Home Leaderboard 1
Home Leaderboard 1

Bandung Raya dan Bodebek Semakin Ramai, Ingat Gelombang Ketiga COVID-19

Zulfikar SyZulfikar Sy - Selasa, 19 Oktober 2021
Bandung Raya dan Bodebek Semakin Ramai, Ingat Gelombang Ketiga COVID-19

Gubernur Jabar Ridwan Kamil saat memimpin Komite Kebijakan Penanganan COVID-19 dan Pemulihan Ekonomi Daerah, di Gedung Pakuan Bandung, Senin (18/10). (Foto: Biro Adpim Jabar)

Ukuran text:
14
Dengarkan Berita:

MerahPutih.com - Kawasan aglomerasi Bandung Raya (Kota/Kab Bandung-Cimah-Bandung Barat) dan Bodebek (Bogor-Depok-Bekasi) belakangan ini semakin ramai. Hal itu membawa kekhawatiran banyak pihak terutama epidemiolog yang memperingatkan kedatangan gelombang ketiga COVID-19.

Gubernur Jawa Barat Ridwan Kamil mengatakan, kemacetan lalu lintas di kawasan aglomerasi perlu disikapi pemda kabupaten/kota dengan disiplin dan penegakan hukum protokol kesehatan.

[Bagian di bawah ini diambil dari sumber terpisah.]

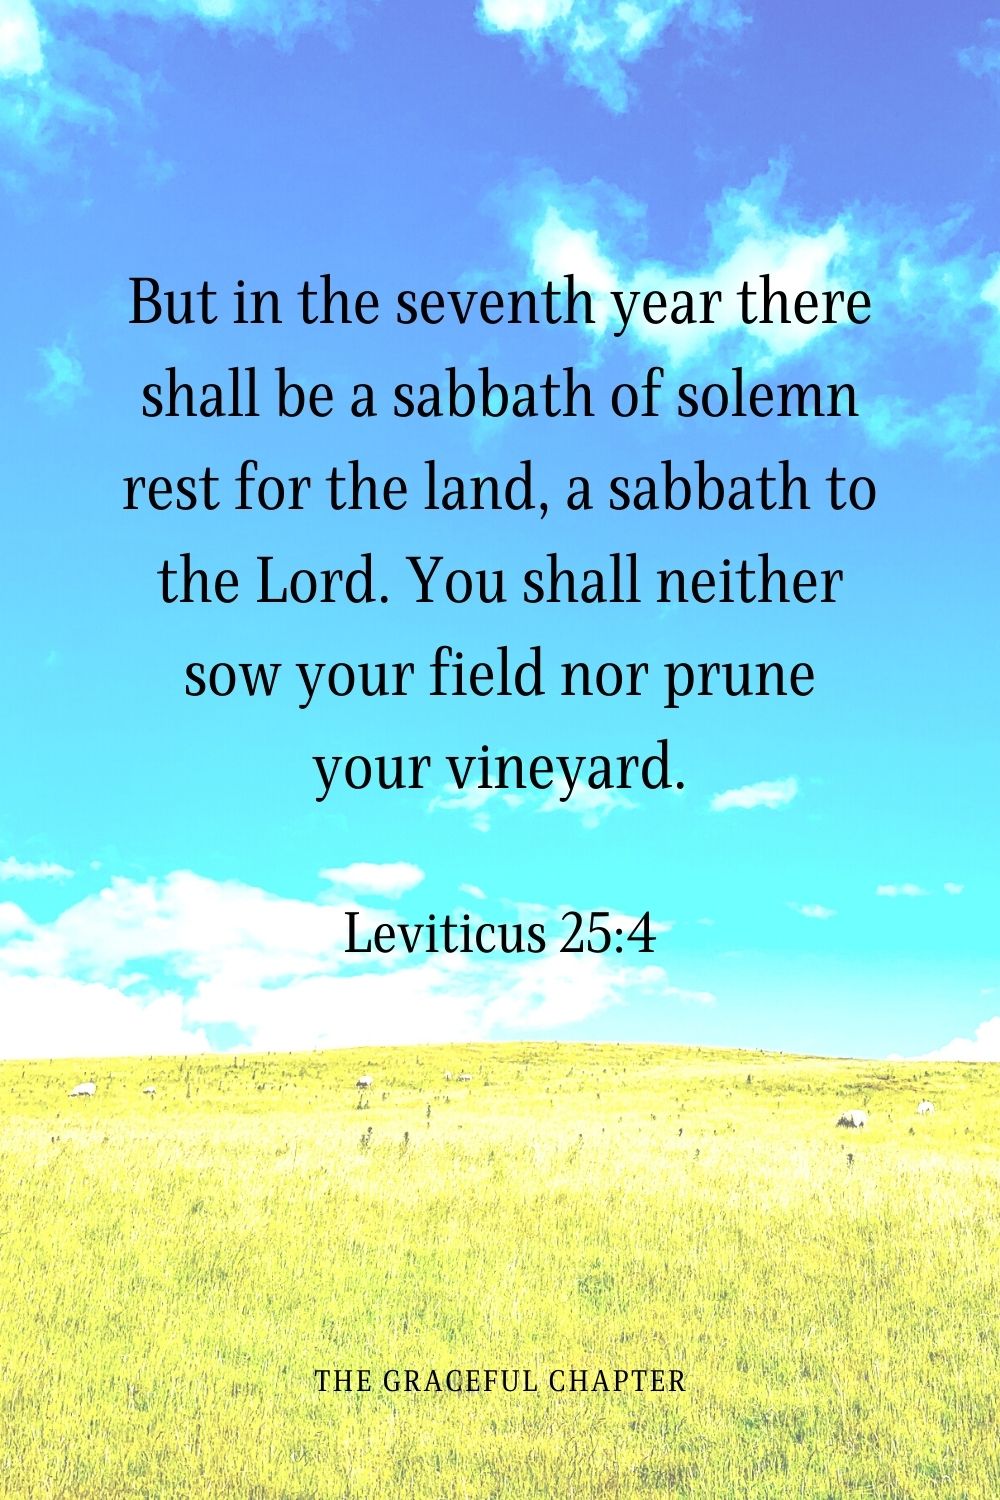 But in the seventh year there shall be a sabbath of solemn rest for the land, a sabbath to the Lord. You shall neither sow your field nor prune your vineyard.

Menurut Ridwan Kamil, kemacetan adalah konsekuensi peningkatan mobilitas masyarakat akibat pelonggaran PPKM. Transisi keadaan dari pendemi ke endemi terus berjalan bertahap. Namun tetap, pergerakan orang perlu dipantau secara epidemiologis sehingga pandemi COVID-19 tetap terkendali.

Baca Juga:

Klaster PTM di Solo Bertambah, 46 Siswa Dinyatakan Positif COVID-19

"Khususnya Kota Bandung saya sampaikan tingkat vaksinasinya yang tertinggi di Jawa Barat. Sehingga kemungkinan dalam teorinya Kota Bandung menuju herd immunity," ujar Ridwan Kamil saat memimpin Rakor Komite Kebijakan Penanganan COVID-19 dan Pemulihan Ekonomi Daerah di Jabar di Gedung Pakuan Bandung, Senin (18/10).

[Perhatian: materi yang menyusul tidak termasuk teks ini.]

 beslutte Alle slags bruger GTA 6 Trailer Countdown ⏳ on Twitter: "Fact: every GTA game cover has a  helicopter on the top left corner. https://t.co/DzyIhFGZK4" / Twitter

Sebagai contoh, vaksinasi dosis pertama Kota Bandung sudah di angka 90,22 persen atau melebih target 70 persen. Sementara vaksinasi dosis kedua 67,97 persen mendekati terget. Begitu pun dengan Kota Bogor dan Kota Cimahi vaksinasi dosis pertamanya sudah di atas 80 persen.

Meski begitu perlu diingat vaksin bukan obat dan orang yang sudah divaksin tetap berpotensi terpapar COVID-19 jika kedisiplinannya kendur. Untuk itu, Gubernur minta petugas Satpol PP/TNI/Polri mengawasi pergerakan orang di ruang-ruang publik dan komersial.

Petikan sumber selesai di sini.